THE PROBLEM
Everything from the line holding "The definitive guide" to the last line of the material below must be retyped exactly, minus any pictures.
-------- INFORMATION PROVIDED
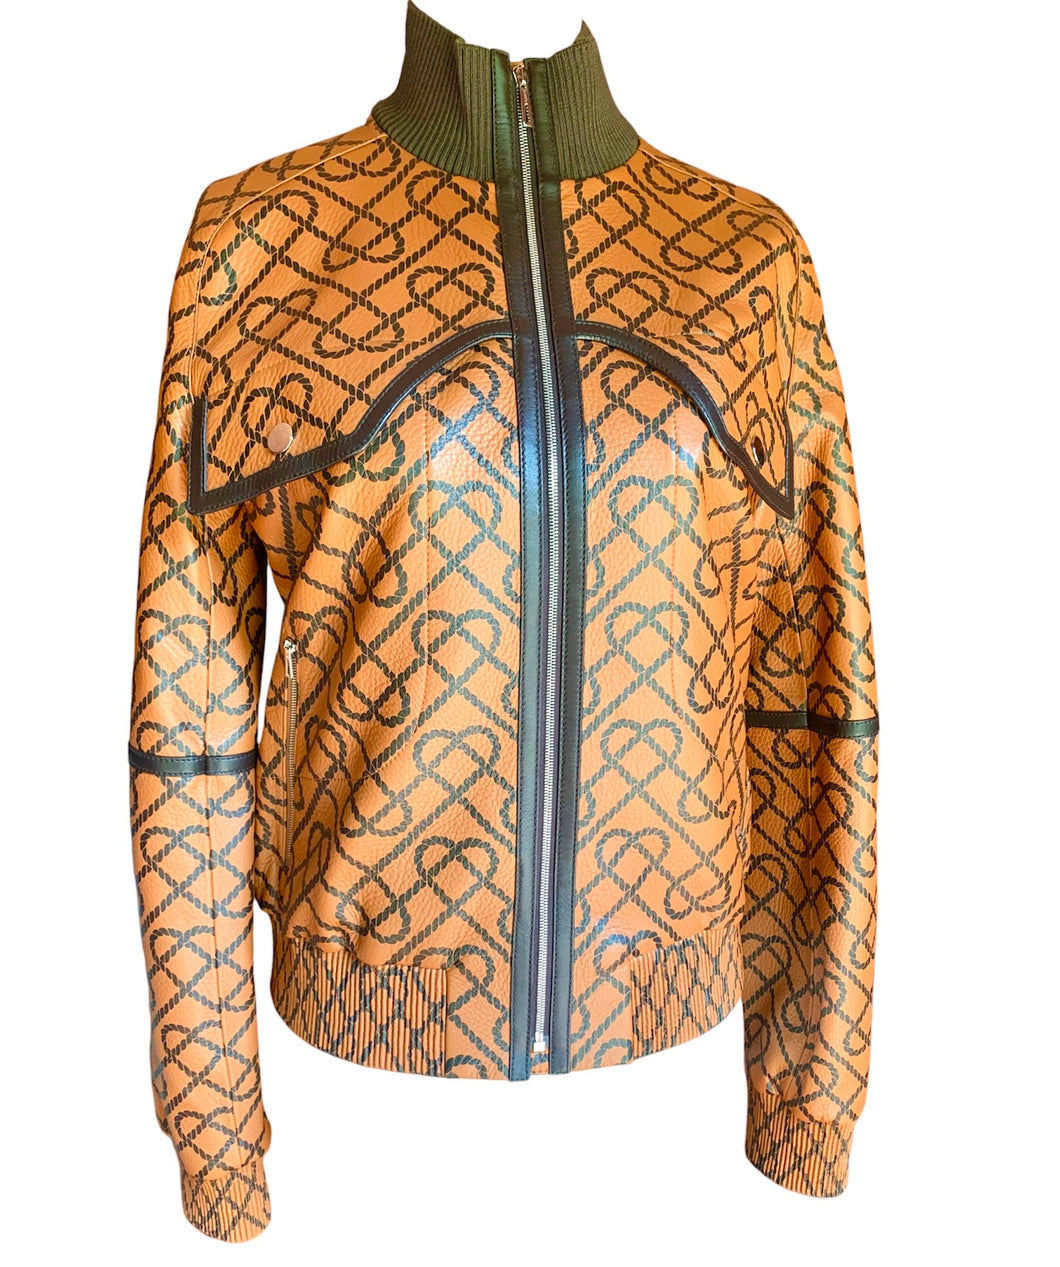 HERMES EQUESTRIAN PRINTED LEATHER BOMBER JACKET NEW
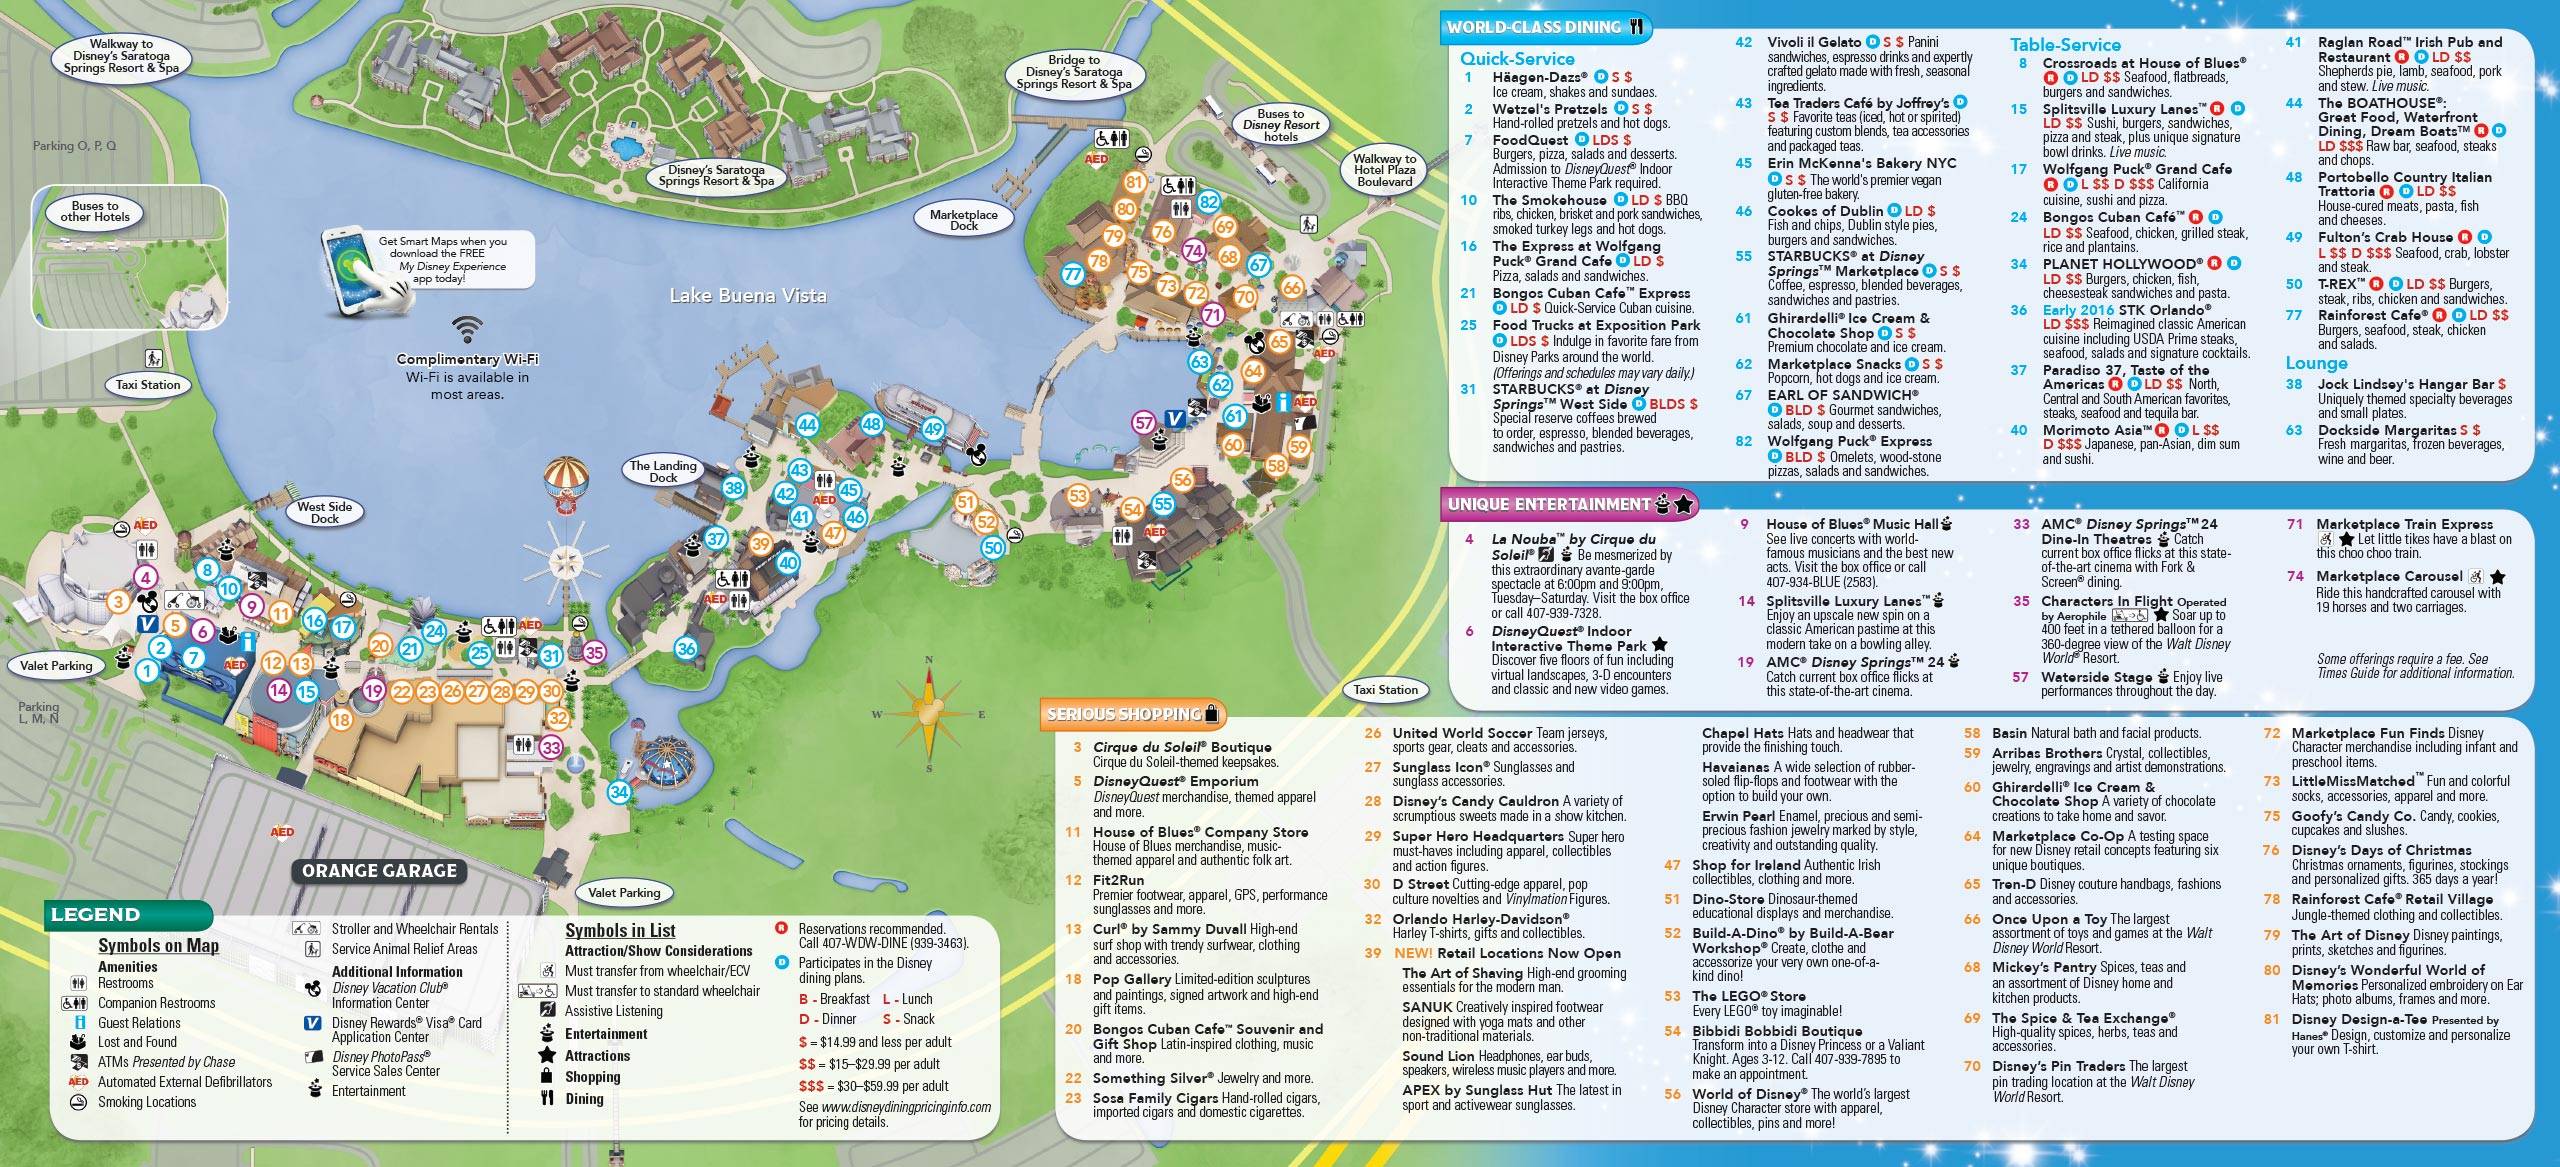 PHOTOS - Downtown Disney officially transitions to Disney Springs today - see the new guide map
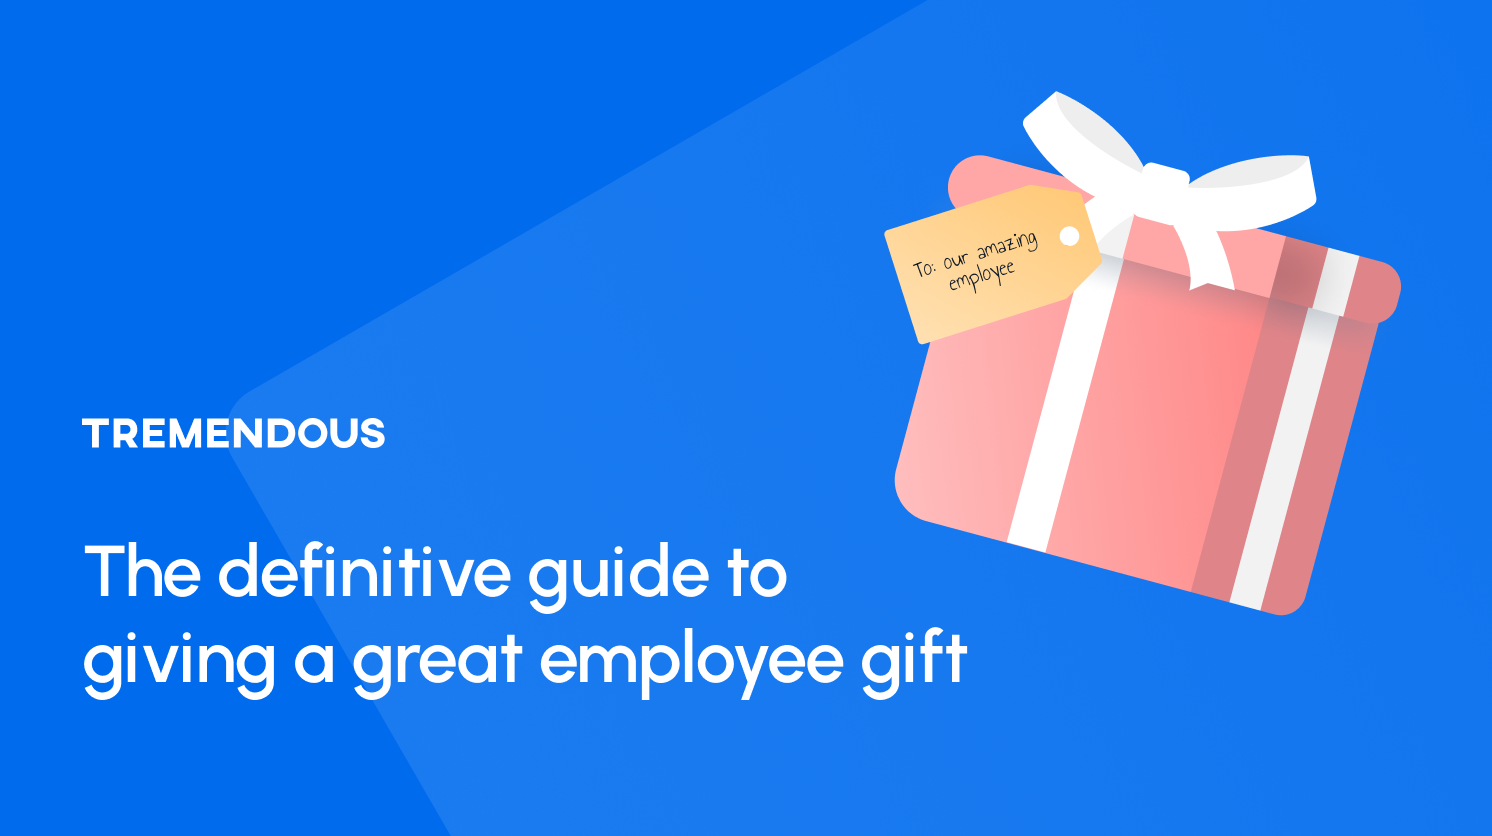 The definitive guide to giving a great employee gift
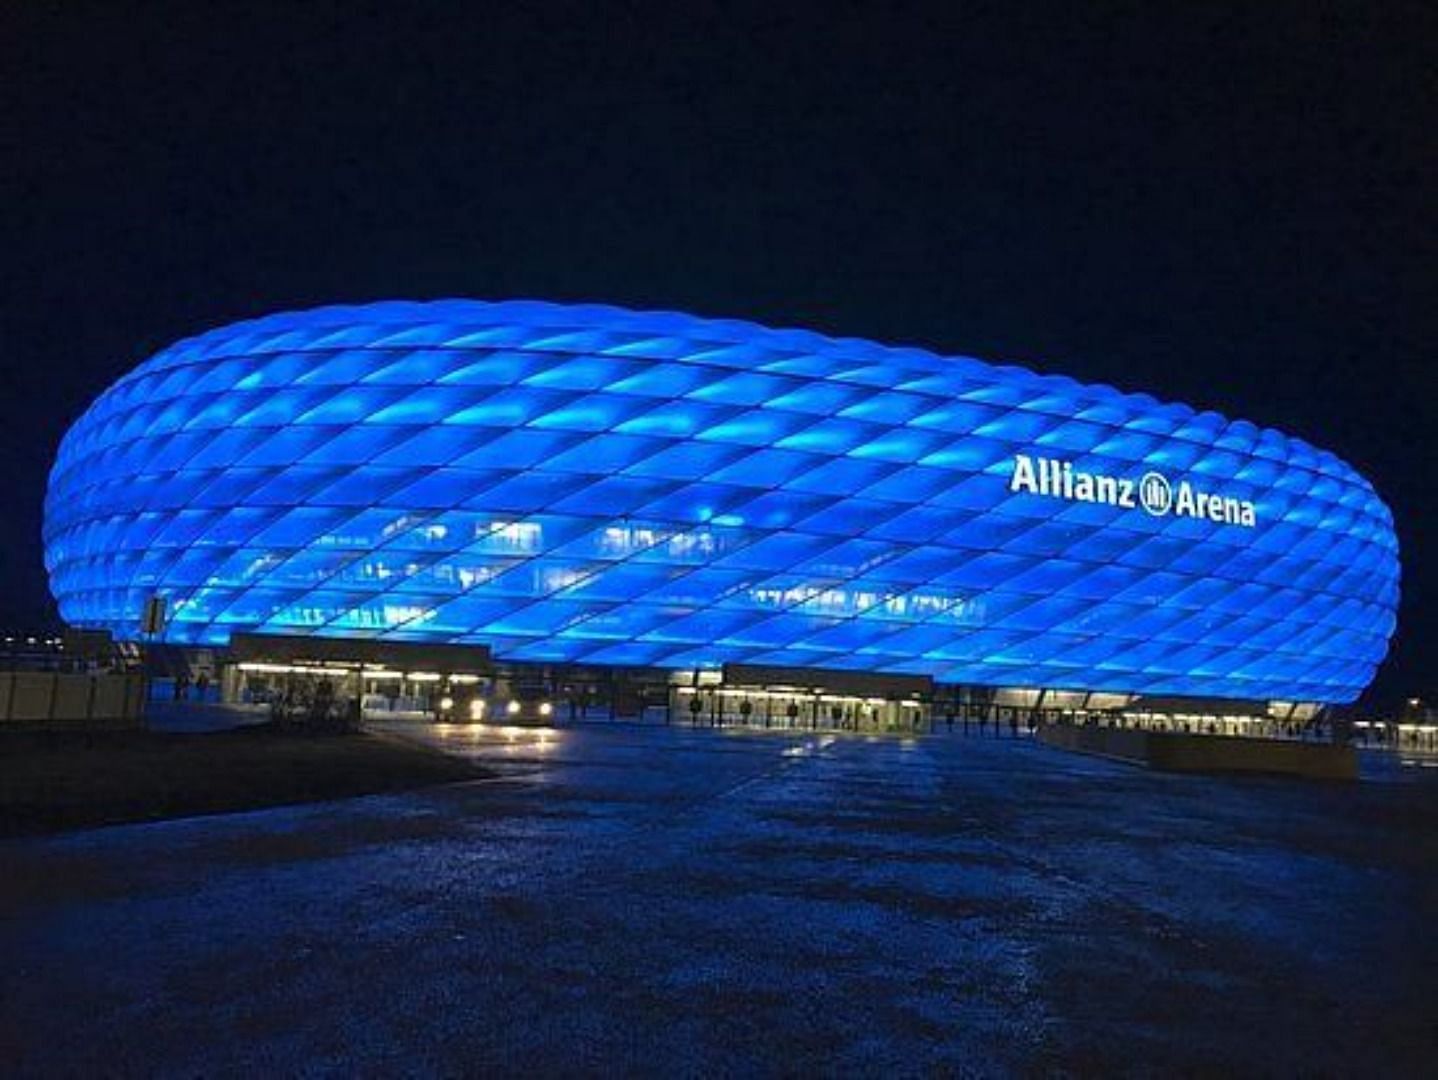 The Allianz Arena is famous for its exterior that can be lit up wonderfully.
----------------
WRITTEN SOLUTION
 The definitive guide to giving a great employee gift
 The Allianz Arena is famous for its exterior that can be lit up wonderfully.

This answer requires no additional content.